Baca berita dengan sedikit iklan, klik di sini

PRABOWO Subianto hanya tersenyum-senyum mendengar Djan Faridz mengkampanyekan dirinya. Rabu malam pekan lalu itu, setelah berbicara perihal pesantren dan demokratisasi dalam Sarasehan Nasional Ulama Pesantren di Pondok Pesantren Miftahul Ulum, Gandaria, Jakarta Selatan, Prabowo ganti mendengarkan pidato Djan.

Tak berbicara panjang-lebar tentang pesantren, Menteri Perumahan Rakyat itu justru lebih banyak memuji calon presiden dari Partai Gerindra tersebut. "Beliau itu sahabat dan guru saya. Saya mengagumi Pak Prabowo sejak masih di Kopassus," kata Djan di hadapan ratusan ulama dan santri.

Menurut Djan, yang juga Wakil Ketua Umum Partai Persatuan Pembangunan, cita-cita Prabowo dengan dia sama, yakni ingin menyejahterakan rakyat Indonesia. Karena itu, dia menambahkan, dukungan ke Prabowo tak hanya dalam hal keinginan Prabowo mengembangkan pesantren, tapi juga pada pemilihan presiden 9 Juli nanti. "Visi-misi Pak Prabowo, Gerindra, dan PPP itu sama. Sama-sama memajukan Nahdlatul Ulama, sama-sama memajukan umat Islam," ujarnya.

Djan dan Prabowo sudah berteman lama. Bersama Prabowo, Djan pernah ikut melobi Megawati Soekarnoputri agar Ketua Umum Partai Demokrasi Indonesia Perjuangan itu segera merestui Joko Widodo sebagai calon Gubernur DKI, yang kemudian diusung koalisi Gerindra-PDI Perjuangan. Tujuan Djan ketika itu: menghadang Fauzi Bowo, Gubernur DKI yang kembali mencalonkan diri.

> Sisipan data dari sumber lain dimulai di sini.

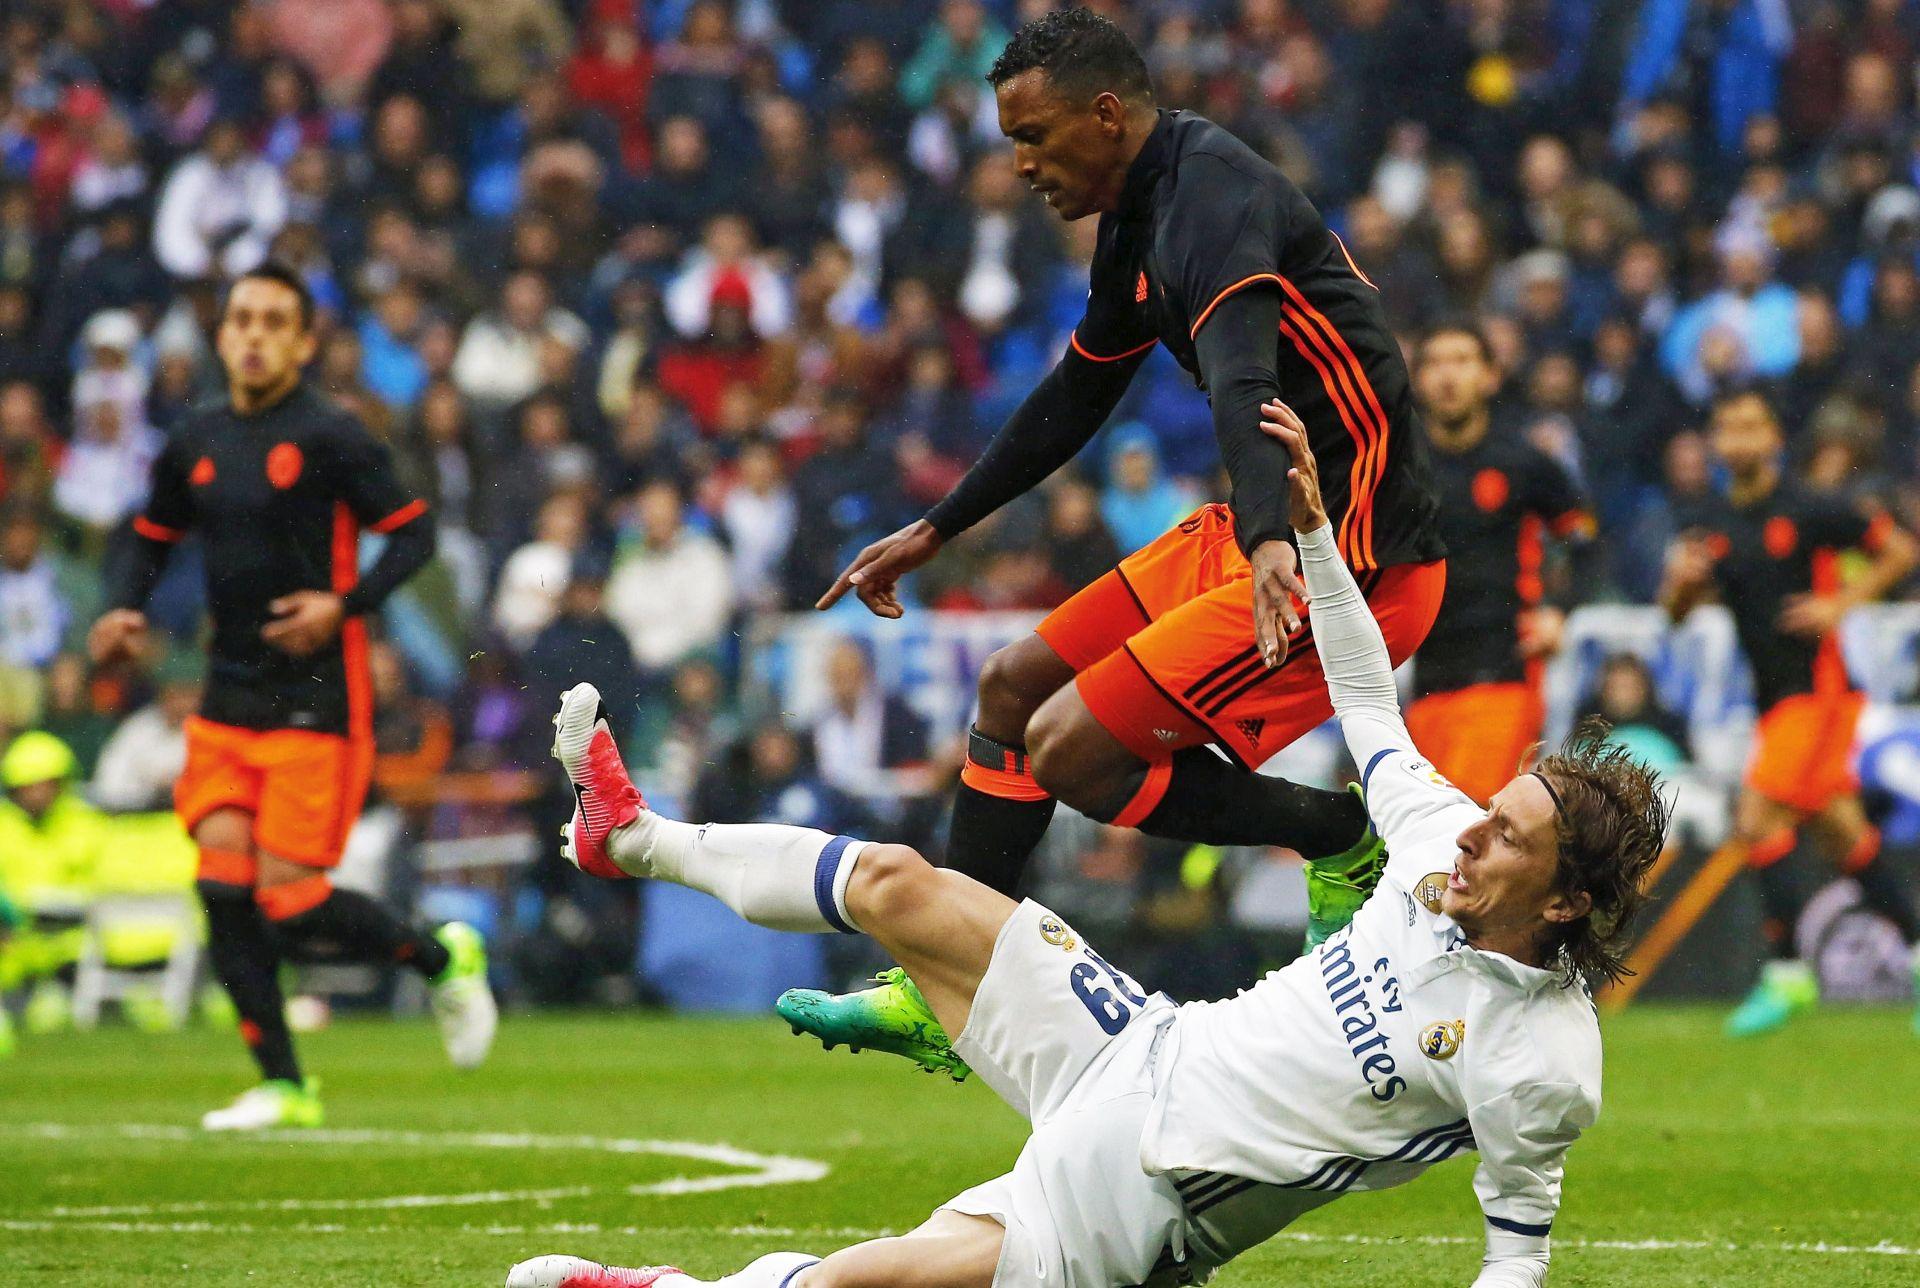 ŠPANJOLSKA Marcelo spasio Real i Ronalda, Granada ispala
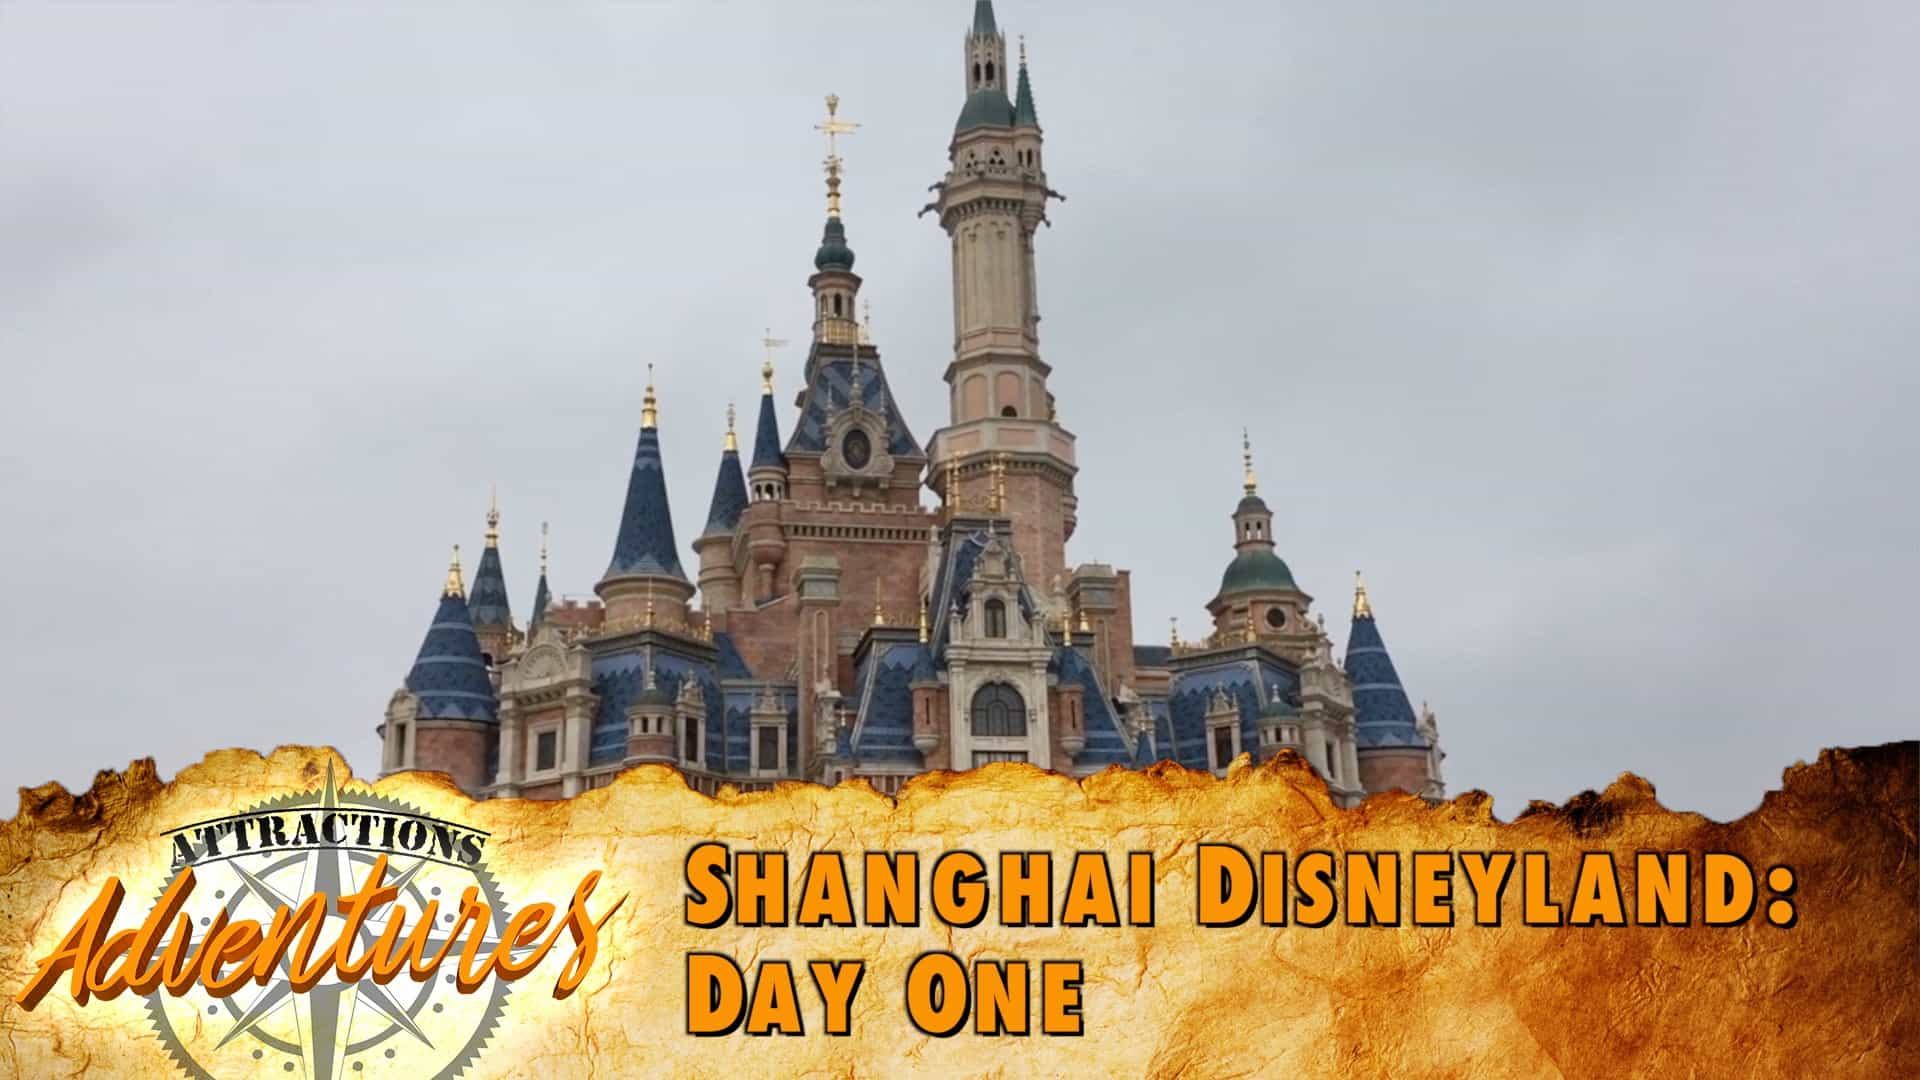 Attractions Adventures Shanghai Disneyland Day One

Prabowo tak menampik "kemesraan" malam itu buah rentetan kedekatannya dengan petinggi PPP yang terjalin dua pekan terakhir. "Kemesraan" itu pula yang kemudian dibuhulkan dalam acara istigasah kubra partai berlambang Ka'bah ini di Istora Senayan pada Jumat pekan lalu. Ketika itu, Prabowo datang dengan helikopter, meninggalkan acara kampanye Gerindra di Kabupaten Bandung.

Disambut antara lain oleh Ketua Umum PPP Suryadharma Ali dan Ketua Majelis Syariah PPP Nur Iskandar, mata Prabowo berbinar saat menatap panggung bergambar dirinya. Seperti Djan, Suryadharma memuji Prabowo dan Gerindra, yang disebutnya partai kebangsaan tapi religius. Ini pula yang membuat keduanya sepakat berkoalisi.

Namun adanya koalisi PPP-Gerindra dibantah Wakil Ketua Umum PPP Suharso Monoarfa. Menurut dia, itu hanya manuver Suryadharma. Suharso menyebutkan, dari enam nama yang dihasilkan Musyawarah Kerja Nasional PPP di Bandung, Februari lalu, nama Prabowo tak masuk daftar. Dari enam nama itu, justru salah satu yang direkomendasikan adalah Joko Widodo. Suharso mengaku terkejut oleh manuver Suryadharma tersebut. "Seluruh pengurus daerah juga kaget," kata Suharso.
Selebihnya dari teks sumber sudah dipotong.